Kris Anaya, Joseph Davancens, and Fernando Oliva formed Best Move in 2019. Anaya and Davancens, the primary songwriters of the group, have spent the better part of the past decade playing a wide variety of music under various banners.
Best Move take direction from two sources, the first being the cinematic song stylings of sardonic yet unfettered, quasi-confessional 1960s and ’70s troubadours like Randy Newman, Van Dyke Parks, Brian Wilson, and Harry Nilsson. The band’s name is even from the latter’s song of the same).
The second inspiration for their music is the “visual scoring” of indie pop song placement in 21st-century TV shows and films, where the music quickly took on the personalities and sensibilities of its makers.
Anaya was sparked by film and TV soundtracks, citing specifically the niche rock takeover of post-2000-era films by directors like Michel Gondry, Sofia Coppola, and Wes Anderson. He worked to inject the new material with that same sense of visual emotion.
Big Takeover is pleased to host the premiere of the nostalgic and engaging Mirror Twins Image EP today.
Symphonic indie pop reverie “Invisible Sigh” flows with gently reflective vocals, pastoral to glowing guitar lines, shining percussion, and the sweet shiver of strings. A cycle of mellifluous acoustic guitar notes and cinematic tape reel clicks inform the appropriately named “Guitar Loop.”
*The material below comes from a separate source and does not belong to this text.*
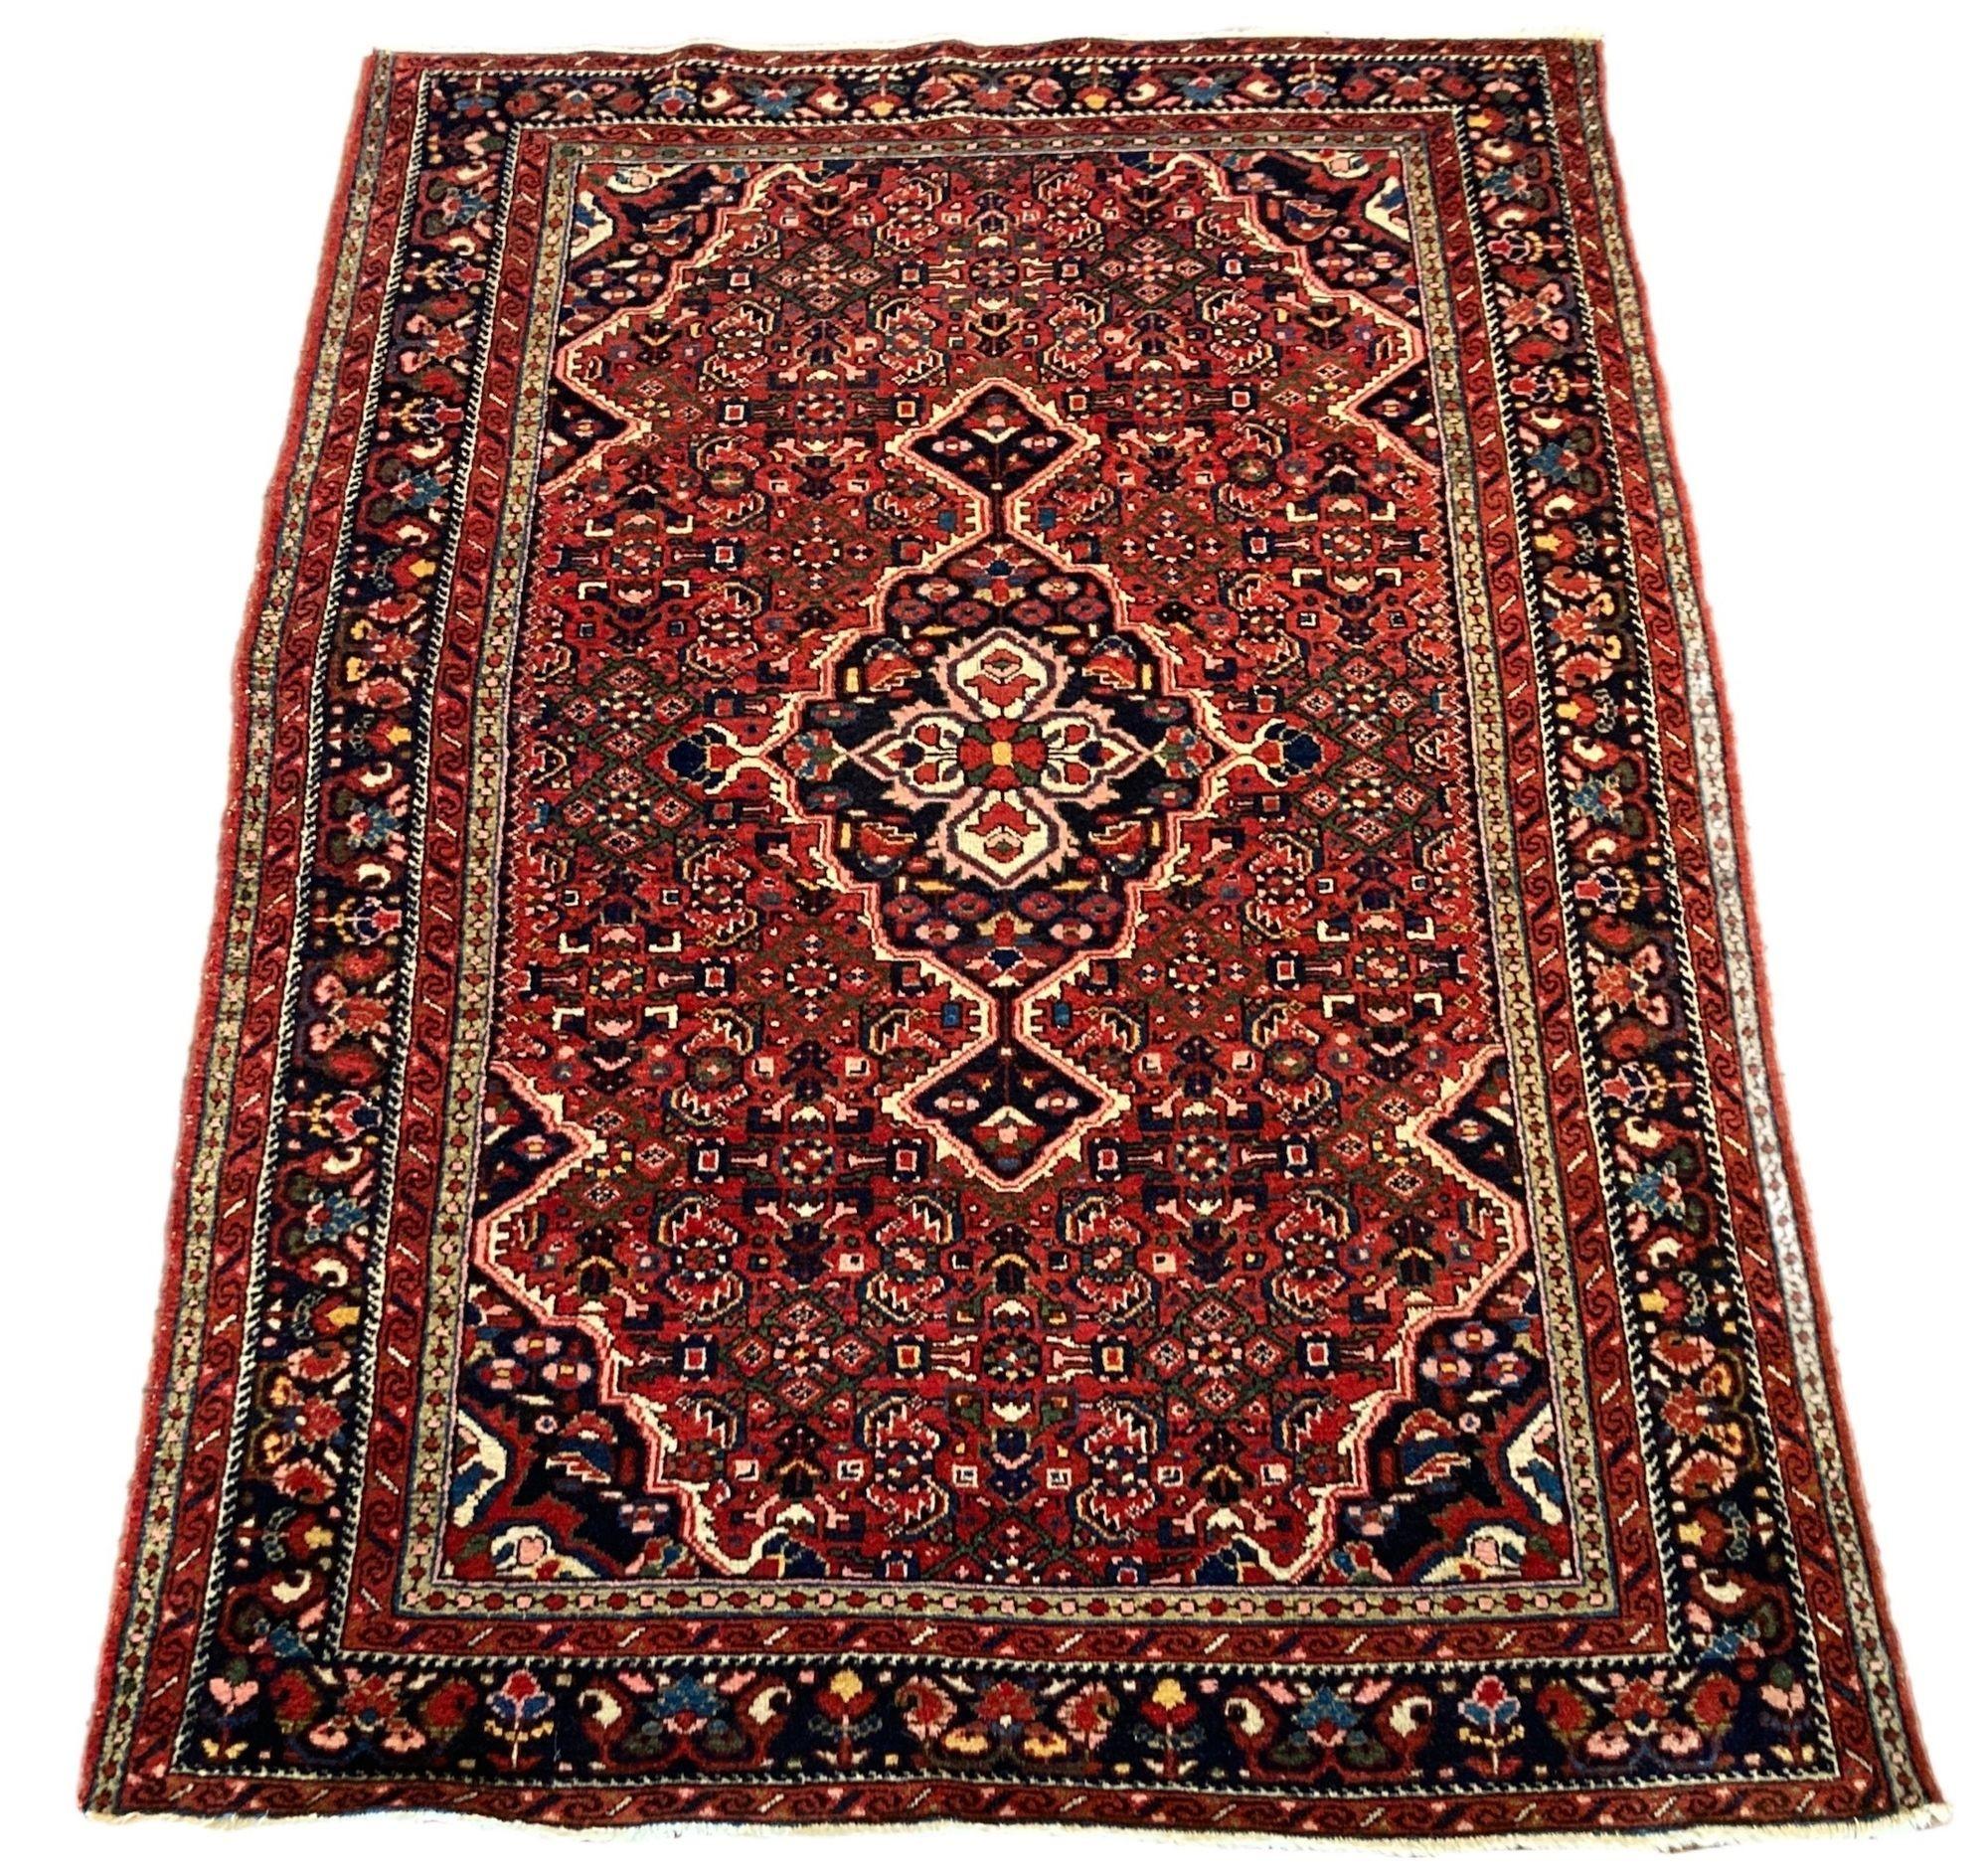 A lovely antique Hamadan rug, handwoven circa 1920 featuring a Mahi design on a terracotta field around an elegant deep indigo medallion and similar border. Fabulous secondary colours, especially the light green and gold in the main design.
Size:

The hazy daydream vibe continues on the contemplative title track that touched by woodwinds, golden motif of guitar lines, and melancholic, drawn out vocals. A hushed bed of synths materializes occasionally, with lower bass accompaniment adding to the ruminative feeling.
Melodic “A Phrase” picks up the pace with a pluckier rhythm of kinetic drumwork that pushes the song along,while the soft, layered vocal harmonies are emotionally more assertive. EP-ender “Out Of Touch” is a poignant piano-led lament that knows how to use sonic lulls to increase the pensive nature of the track.
Lyrically, the standards prevail—love, loss, friendship, searching for purpose—but the themes bubble under the surface of a sea of metaphor, leaving the listener to decipher the message in their own way.
Anaya calls their sound a, “thank you to the past,” and while a warm, familiar tone echoes throughout the band’s universe, something unmistakably modern remains. Perhaps it is simply the sound of a decade of winding, disparate avenues finally convening in a perfect center, or of the confidence that comes from recognizing, at last, a perfect fit.